In 1967, two prestigious academics wrote an article in which they took a look at condemnation practices in Nassau County, New York. They found that the facts were every bit as bad and at times worse than the evidence revealed in those congressional hearings. Property owners were routinely being offered “compensation” that was less than the condemnor’s own appraisals. Curtis J. Berger and Patrick J. Rohan, The Nassau County Study: An Empirical Look Into the Practices of Condemnation, 67 Columbia Law Review 430 (1967).
There followed a number of other academic writings on the subject of “just” compensation, all agreeing that under what passes for eminent domain law, condemnees are routinely undercompensated. But hard data like Berger’s and Rohan’s have been hard to come by. Nonetheless, some investigative newspaper reporters looked from time to time into the realities of compensation in eminent domain and reached the same conclusions.
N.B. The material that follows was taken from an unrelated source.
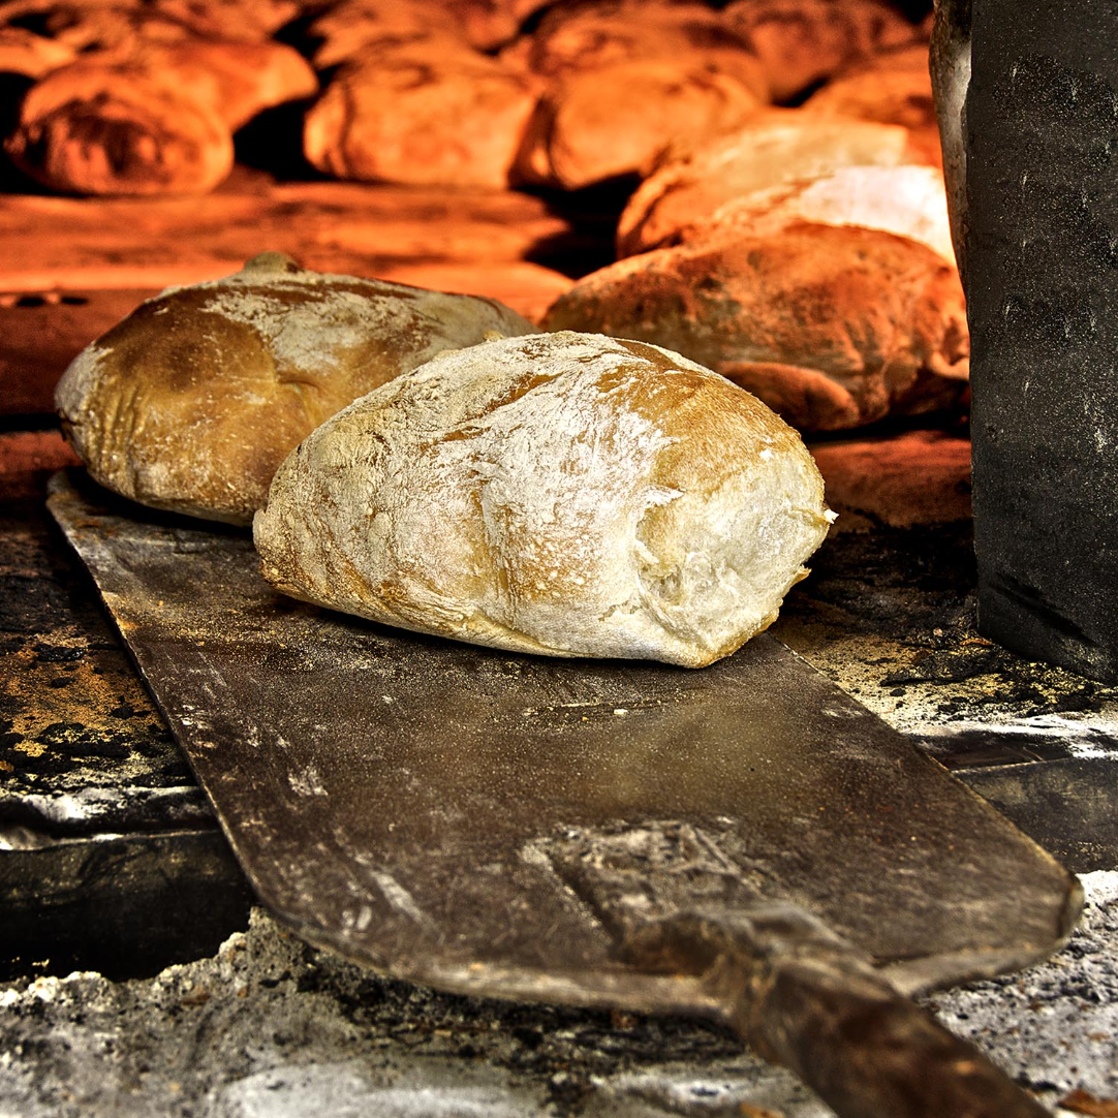 Bread oven party – 10 a.m. to 17 p.m.
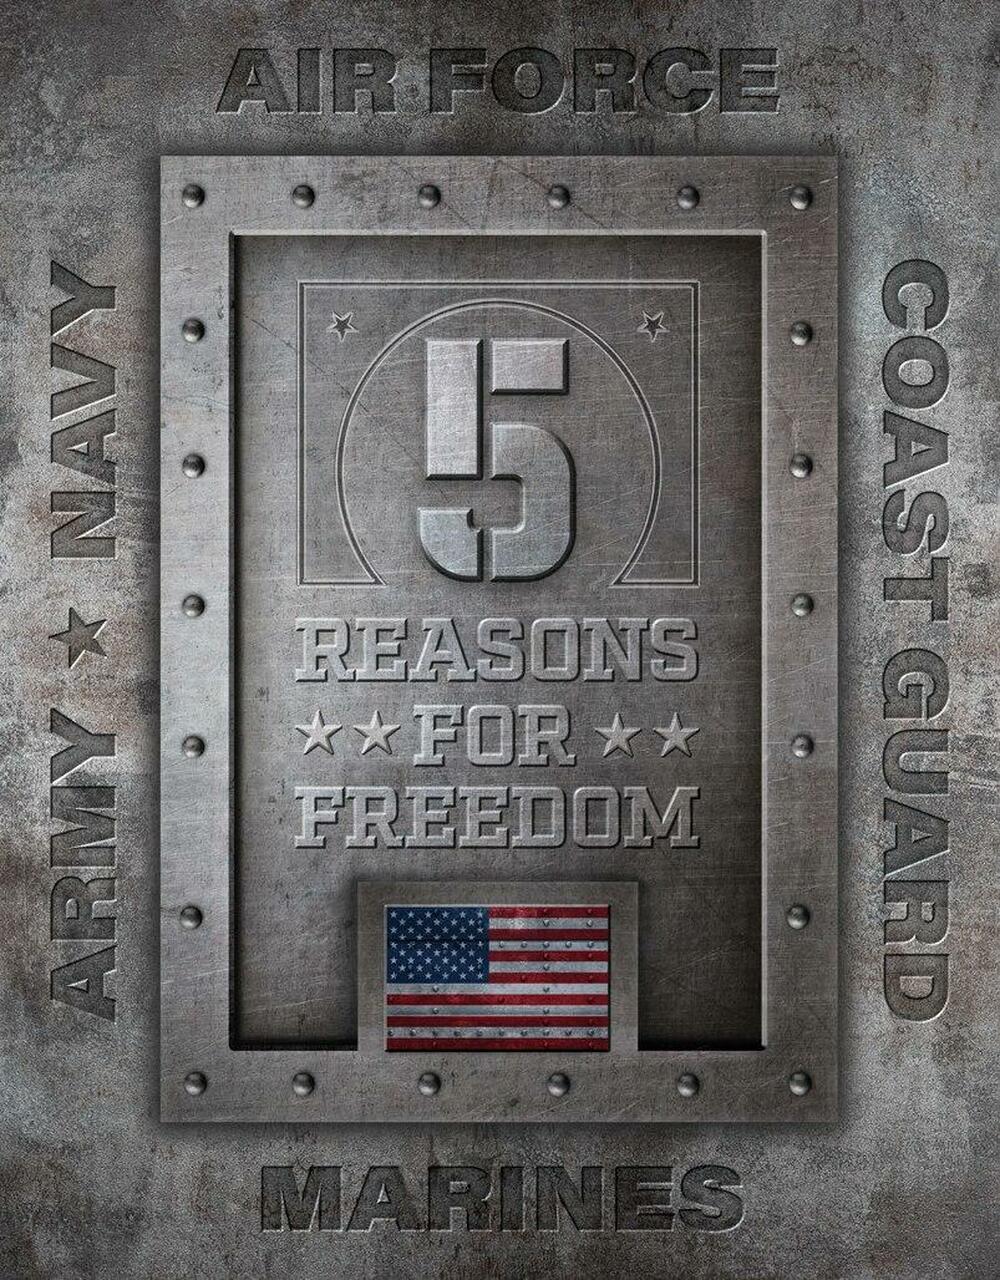 5 Reasons For Freedom Metal Tin Sign - 2432

A 1999 study by the Salt Lake Tribune indicated that of the Utah property owners who rejected condemnor offers and insisted on valuation trials to establish their compensation, 80% recovered more in court than the condemnor’s offers, with the average increase averaging 40% over those offers. Ray Rivera, UDOT: Fair Deals or Land Grabs? Salt Lake Tribune, Oct. 24, 1999, at p. A1, Ray Rivera and Dan Harrie, UDOT Appraisals Lose in Court, Salt Lake Tribune, Oct. 24, 1999, at p. 1A.
Then there was the Minneapolis study by Dan Browning, MnDOT’s Tactics Squeeze Landowners, Minneapolis Star Tribune, Sep. 21, 2003, at page 1A. “The Star Tribune analyzed MnDOT’s computer records showing more than 1,200 cases since the late 1980s in which disagreements over land value were decided by court- appointed commissions. In two-thirds of those cases, the commission determined that property owners deserved at least 20% more money than MnDOT first offered. In a third of the cases, the award was at least double [MnDOT’s offer].” * * * “When Minnesota property owners refuse MnDOT’s purchase price, they can appeal to a commission appointed by the court to determine the value. These commissions often find MnDOT’s offers too low. Here are the results of 847 such cases decided from 1998 to 2003. MnDOT’s appraisals: $78.8 million. Amount paid or pending: $130.5 million.”
Now, yet another study has been made in Georgia by two professors of planning and business respectively, with similar results. Interestingly, these two gents are not condemnation lawyers and therefore don’t have a dog in this fight. See S. Alan Aycock, CPA, PhD, and Roy T. Black, PhD., J.D., Special Master Bias in Eminent Domain Cases (unpublished paper). The results of their study play a familiar tune. Undercompensation of condemnees is the norm in Georgia, even though the special masters usually award more than the condemnor’s offers. This is no place to go through the entire study which you can get by contacting Roy_black@bus.emory.edu , but its bottom line is that “condemnor appraisals are consistently lower than either the property owner appraisal or the final award.” Aycock and Black found that the average condemnor appraisal was $32,722, the special master award was $51,304, and the final [judicial] award was $177,758 (over five times the condemnor’s offer). The authors concede that this study was based on a small data base and they urge additional studies using a larger data base. But even so, these results are consistent with the results of earlier studies mentioned above. As those dead old Englishmen used to say, res ipsa loquitur — they speak for themselves.